The lab tested its logic on devices that assist users with physical motion and a system to raise and lower a hood with the push of a button, no electricity involved, for thermoregulation.

“We think there’s a host of ways this can be implemented to help people go about their daily activities,” Preston said. “One of the next areas we’re looking into is sensing intent. As soon as the wearer initiates a course of action, we can then offer assistance for the remainder of that action.

“For example, you might start to grasp an object and if the system senses your intent, it will give you some assistance in closing your hand around that object so you can lift it up,” he said.

At the center of the concept sits a “NOT” gate, a basic component of computer circuitry also known as an inverter. This logic gate’s output is the inverse (or opposite) of the input. In an electronic circuit, the gate is on or off (1 or 0), but the pneumatic gate replaces those terms with “high” or “low” air pressure.

“We think of the logic element as, at its most fundamental level, containing both a relay and a fluidic resistor,” said Anoop Rajappan, a Rice postdoctoral fellow and lead author of the paper. “These would be equivalent to having an electronic relay or transistor paired with the resistor, which is the foundation of typical transistor-resistor logic.”

The pneumatic system depends on a concept Preston describes as a mathematically designed kink geometry, implemented in pressure-controllable valves that cut the flow of air the same way a bent garden hose stops water.

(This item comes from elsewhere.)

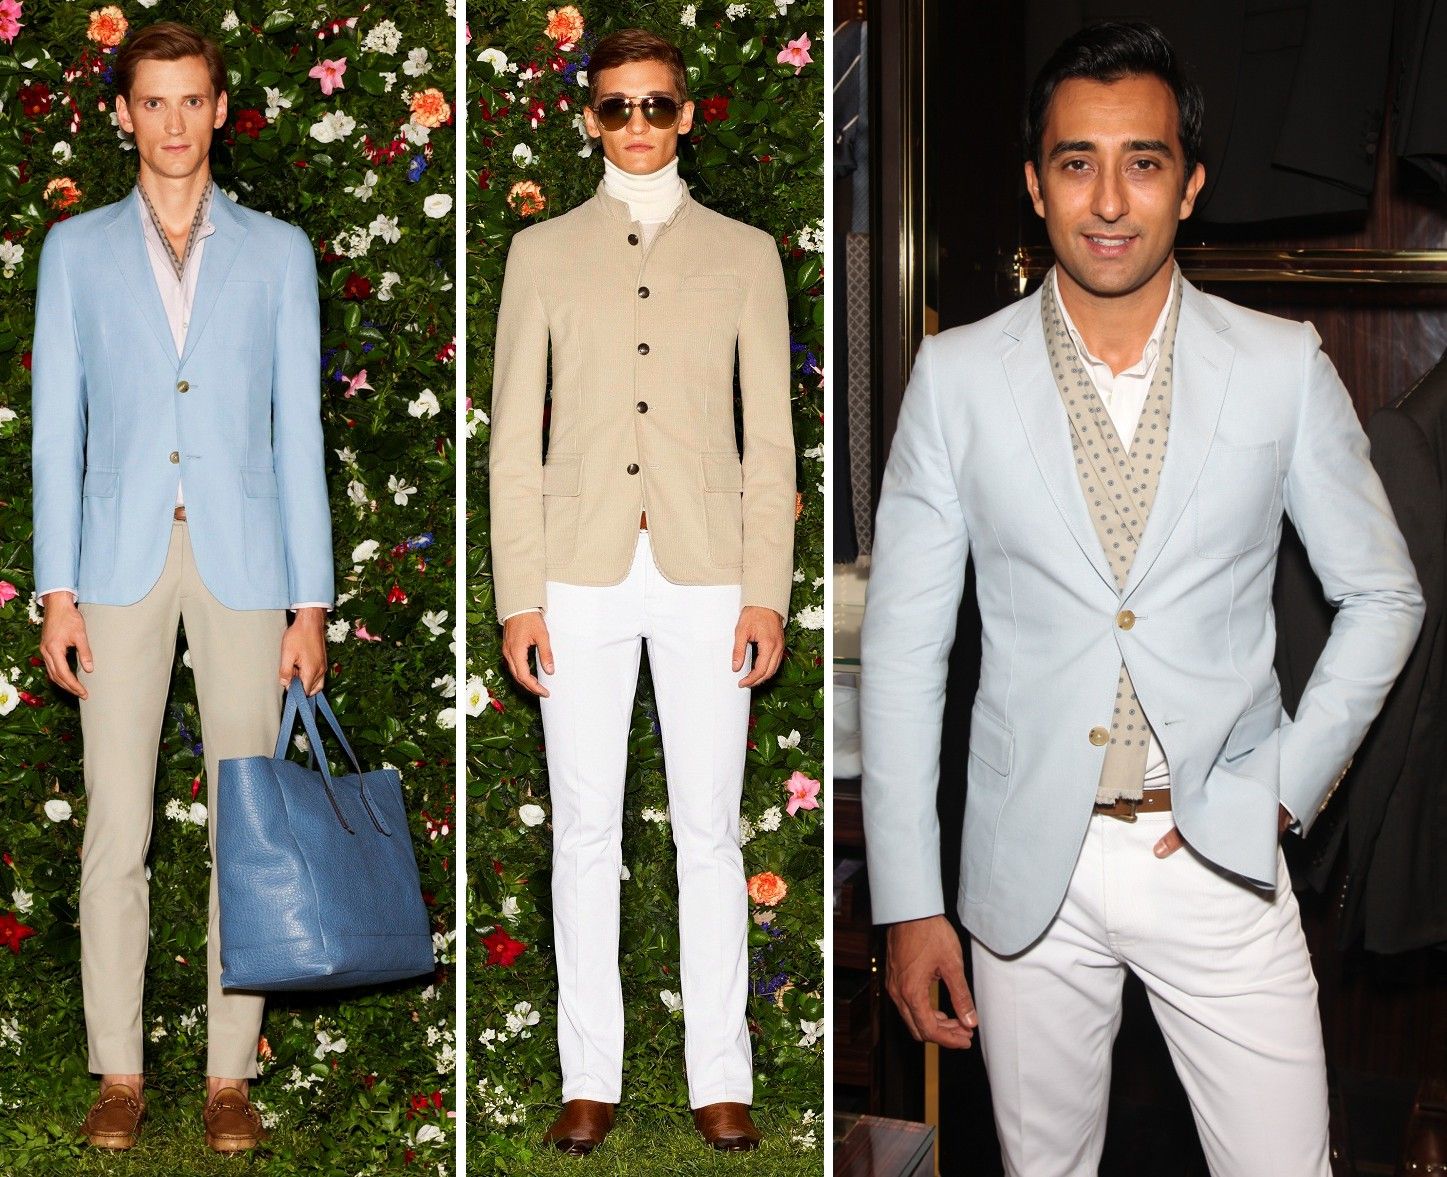 Rahul Khanna in Gucci Cruise 2013 at the Gucci store opening in The Oberoi, Gurgaon (Photo courtesy | Gucci)

The valves, each about a square inch in size, are laminated into the textiles and have proved robust enough to handle 20,000 on-off cycles and 1 million flex cycles, as well as 20 cycles in a standard household washing machine.

Preston noted the research team includes Stanford University postdoctoral fellow Vanessa Sanchez, a fashion designer-turned-engineer who gained chops with training from the Fashion Institute of Technology in New York City and a subsequent Ph.D. in mechanical engineering and materials science from Harvard University and its Wyss Institute.

Co-authors of the paper are Rice graduate students Barclay Jumet, Zhen Liu and Faye Yap, alumna Rachel Shveda and undergraduate Colter Decker.

The National Science Foundation (CMMI-2144809, 2138020, 1842494) supported the research.